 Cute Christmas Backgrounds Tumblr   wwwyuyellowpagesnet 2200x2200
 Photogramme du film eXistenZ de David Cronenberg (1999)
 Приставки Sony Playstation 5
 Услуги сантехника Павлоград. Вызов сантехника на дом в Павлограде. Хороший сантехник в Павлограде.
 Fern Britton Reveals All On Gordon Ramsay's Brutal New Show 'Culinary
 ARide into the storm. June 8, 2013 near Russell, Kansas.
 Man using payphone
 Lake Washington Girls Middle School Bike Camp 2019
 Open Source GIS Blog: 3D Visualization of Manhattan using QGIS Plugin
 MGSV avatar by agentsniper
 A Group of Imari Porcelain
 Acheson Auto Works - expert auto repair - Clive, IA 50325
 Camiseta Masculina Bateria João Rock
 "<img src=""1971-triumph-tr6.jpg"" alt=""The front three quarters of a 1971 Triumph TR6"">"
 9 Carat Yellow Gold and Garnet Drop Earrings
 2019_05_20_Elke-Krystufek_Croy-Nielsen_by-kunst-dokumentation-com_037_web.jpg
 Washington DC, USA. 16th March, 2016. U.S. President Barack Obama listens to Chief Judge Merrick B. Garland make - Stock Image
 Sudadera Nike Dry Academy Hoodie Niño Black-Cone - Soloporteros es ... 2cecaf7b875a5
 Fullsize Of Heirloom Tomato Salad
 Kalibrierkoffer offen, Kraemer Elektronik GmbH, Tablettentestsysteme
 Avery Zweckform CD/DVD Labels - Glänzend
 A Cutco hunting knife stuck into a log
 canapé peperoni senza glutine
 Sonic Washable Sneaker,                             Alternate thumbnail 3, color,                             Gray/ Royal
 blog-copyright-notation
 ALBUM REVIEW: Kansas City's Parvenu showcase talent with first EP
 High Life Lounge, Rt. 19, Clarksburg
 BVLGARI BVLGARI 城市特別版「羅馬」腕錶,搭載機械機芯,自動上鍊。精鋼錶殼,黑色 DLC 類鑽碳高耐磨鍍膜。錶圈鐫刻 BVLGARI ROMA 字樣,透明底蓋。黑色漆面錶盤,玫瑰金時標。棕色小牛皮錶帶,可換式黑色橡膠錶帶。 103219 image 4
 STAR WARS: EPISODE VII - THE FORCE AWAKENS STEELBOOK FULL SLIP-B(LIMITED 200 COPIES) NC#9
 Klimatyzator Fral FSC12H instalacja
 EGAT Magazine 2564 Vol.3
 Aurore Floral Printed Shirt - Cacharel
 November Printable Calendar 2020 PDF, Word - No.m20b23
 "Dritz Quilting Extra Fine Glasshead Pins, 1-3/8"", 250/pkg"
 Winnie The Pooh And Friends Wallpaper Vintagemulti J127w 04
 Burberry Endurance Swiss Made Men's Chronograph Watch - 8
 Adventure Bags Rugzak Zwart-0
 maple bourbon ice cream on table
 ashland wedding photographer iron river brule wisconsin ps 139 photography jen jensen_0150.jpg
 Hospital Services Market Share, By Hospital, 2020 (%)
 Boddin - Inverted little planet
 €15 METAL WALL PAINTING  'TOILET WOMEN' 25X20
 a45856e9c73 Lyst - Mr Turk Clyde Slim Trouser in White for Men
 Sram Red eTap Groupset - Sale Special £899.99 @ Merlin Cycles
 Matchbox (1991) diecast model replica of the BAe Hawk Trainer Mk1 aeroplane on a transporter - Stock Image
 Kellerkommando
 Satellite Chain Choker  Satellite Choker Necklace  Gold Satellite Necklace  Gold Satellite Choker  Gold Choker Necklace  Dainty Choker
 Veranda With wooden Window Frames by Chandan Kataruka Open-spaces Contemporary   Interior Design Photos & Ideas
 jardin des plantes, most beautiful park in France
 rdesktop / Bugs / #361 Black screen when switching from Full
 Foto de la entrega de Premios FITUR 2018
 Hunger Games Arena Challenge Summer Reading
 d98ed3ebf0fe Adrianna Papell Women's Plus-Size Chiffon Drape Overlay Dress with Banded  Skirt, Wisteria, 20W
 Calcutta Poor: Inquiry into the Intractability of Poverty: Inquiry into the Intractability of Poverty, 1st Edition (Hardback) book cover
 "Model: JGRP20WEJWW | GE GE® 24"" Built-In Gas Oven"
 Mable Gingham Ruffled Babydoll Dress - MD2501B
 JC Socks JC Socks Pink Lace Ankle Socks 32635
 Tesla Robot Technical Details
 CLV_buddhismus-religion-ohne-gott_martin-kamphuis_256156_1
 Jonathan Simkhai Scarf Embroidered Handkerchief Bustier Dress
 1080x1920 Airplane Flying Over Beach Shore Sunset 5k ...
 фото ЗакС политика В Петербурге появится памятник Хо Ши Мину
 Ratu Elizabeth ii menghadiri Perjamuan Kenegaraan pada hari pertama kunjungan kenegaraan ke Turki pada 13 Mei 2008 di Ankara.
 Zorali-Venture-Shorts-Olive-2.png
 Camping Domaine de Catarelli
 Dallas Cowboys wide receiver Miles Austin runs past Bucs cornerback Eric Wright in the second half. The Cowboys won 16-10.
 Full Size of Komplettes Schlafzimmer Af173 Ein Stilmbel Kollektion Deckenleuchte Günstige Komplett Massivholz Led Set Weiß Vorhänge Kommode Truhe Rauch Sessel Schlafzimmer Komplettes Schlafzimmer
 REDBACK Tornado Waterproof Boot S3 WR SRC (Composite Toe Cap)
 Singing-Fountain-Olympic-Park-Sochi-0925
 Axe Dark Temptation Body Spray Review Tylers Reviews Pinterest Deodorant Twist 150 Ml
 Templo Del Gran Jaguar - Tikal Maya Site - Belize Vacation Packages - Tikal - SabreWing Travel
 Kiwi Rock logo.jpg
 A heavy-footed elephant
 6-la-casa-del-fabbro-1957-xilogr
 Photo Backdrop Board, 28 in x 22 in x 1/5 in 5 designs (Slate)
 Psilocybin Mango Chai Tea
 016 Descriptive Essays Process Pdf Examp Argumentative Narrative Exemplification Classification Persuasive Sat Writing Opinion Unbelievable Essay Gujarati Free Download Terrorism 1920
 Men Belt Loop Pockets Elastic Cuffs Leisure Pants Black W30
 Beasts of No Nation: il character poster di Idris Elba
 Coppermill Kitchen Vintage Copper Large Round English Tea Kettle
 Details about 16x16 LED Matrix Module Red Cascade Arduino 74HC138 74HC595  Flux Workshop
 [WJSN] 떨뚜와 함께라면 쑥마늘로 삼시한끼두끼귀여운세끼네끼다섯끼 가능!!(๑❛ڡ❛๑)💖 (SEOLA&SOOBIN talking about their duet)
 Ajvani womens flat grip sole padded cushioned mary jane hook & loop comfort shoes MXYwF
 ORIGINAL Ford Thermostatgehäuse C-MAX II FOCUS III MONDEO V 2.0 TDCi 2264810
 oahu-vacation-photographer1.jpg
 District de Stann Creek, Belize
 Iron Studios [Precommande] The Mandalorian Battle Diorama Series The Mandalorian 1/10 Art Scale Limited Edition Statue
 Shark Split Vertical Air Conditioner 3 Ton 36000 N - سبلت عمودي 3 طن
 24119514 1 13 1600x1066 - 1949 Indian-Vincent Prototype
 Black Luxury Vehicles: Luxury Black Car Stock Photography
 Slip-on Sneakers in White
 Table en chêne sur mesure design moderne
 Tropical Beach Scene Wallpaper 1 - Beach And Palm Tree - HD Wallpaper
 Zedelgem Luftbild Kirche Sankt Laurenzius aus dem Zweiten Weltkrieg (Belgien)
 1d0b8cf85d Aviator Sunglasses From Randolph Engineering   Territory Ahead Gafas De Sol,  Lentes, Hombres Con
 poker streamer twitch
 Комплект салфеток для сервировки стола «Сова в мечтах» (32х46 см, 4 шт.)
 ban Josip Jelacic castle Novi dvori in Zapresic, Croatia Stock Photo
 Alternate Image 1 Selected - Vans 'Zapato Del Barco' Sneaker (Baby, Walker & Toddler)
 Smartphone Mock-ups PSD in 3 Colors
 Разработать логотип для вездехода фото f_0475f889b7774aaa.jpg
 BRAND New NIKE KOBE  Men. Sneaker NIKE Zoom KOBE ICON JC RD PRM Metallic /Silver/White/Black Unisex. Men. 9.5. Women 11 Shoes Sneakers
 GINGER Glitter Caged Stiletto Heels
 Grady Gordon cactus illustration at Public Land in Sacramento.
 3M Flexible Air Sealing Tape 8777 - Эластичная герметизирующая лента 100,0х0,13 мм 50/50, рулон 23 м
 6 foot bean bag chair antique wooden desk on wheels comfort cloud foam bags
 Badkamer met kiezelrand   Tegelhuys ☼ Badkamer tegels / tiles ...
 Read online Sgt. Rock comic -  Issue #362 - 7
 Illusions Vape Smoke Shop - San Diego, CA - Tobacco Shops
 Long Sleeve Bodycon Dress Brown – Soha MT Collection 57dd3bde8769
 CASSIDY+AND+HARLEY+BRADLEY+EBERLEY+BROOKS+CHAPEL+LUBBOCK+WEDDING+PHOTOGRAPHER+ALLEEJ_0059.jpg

◆ Directions for this task: Above are the records; repeat exactly the lines from the one holding "24119514 1 13" down to the one holding "Разработать логотип для", end lines included.

◆ Answer section:
 24119514 1 13 1600x1066 - 1949 Indian-Vincent Prototype
 Black Luxury Vehicles: Luxury Black Car Stock Photography
 Slip-on Sneakers in White
 Table en chêne sur mesure design moderne
 Tropical Beach Scene Wallpaper 1 - Beach And Palm Tree - HD Wallpaper
 Zedelgem Luftbild Kirche Sankt Laurenzius aus dem Zweiten Weltkrieg (Belgien)
 1d0b8cf85d Aviator Sunglasses From Randolph Engineering   Territory Ahead Gafas De Sol,  Lentes, Hombres Con
 poker streamer twitch
 Комплект салфеток для сервировки стола «Сова в мечтах» (32х46 см, 4 шт.)
 ban Josip Jelacic castle Novi dvori in Zapresic, Croatia Stock Photo
 Alternate Image 1 Selected - Vans 'Zapato Del Barco' Sneaker (Baby, Walker & Toddler)
 Smartphone Mock-ups PSD in 3 Colors
 Разработать логотип для вездехода фото f_0475f889b7774aaa.jpg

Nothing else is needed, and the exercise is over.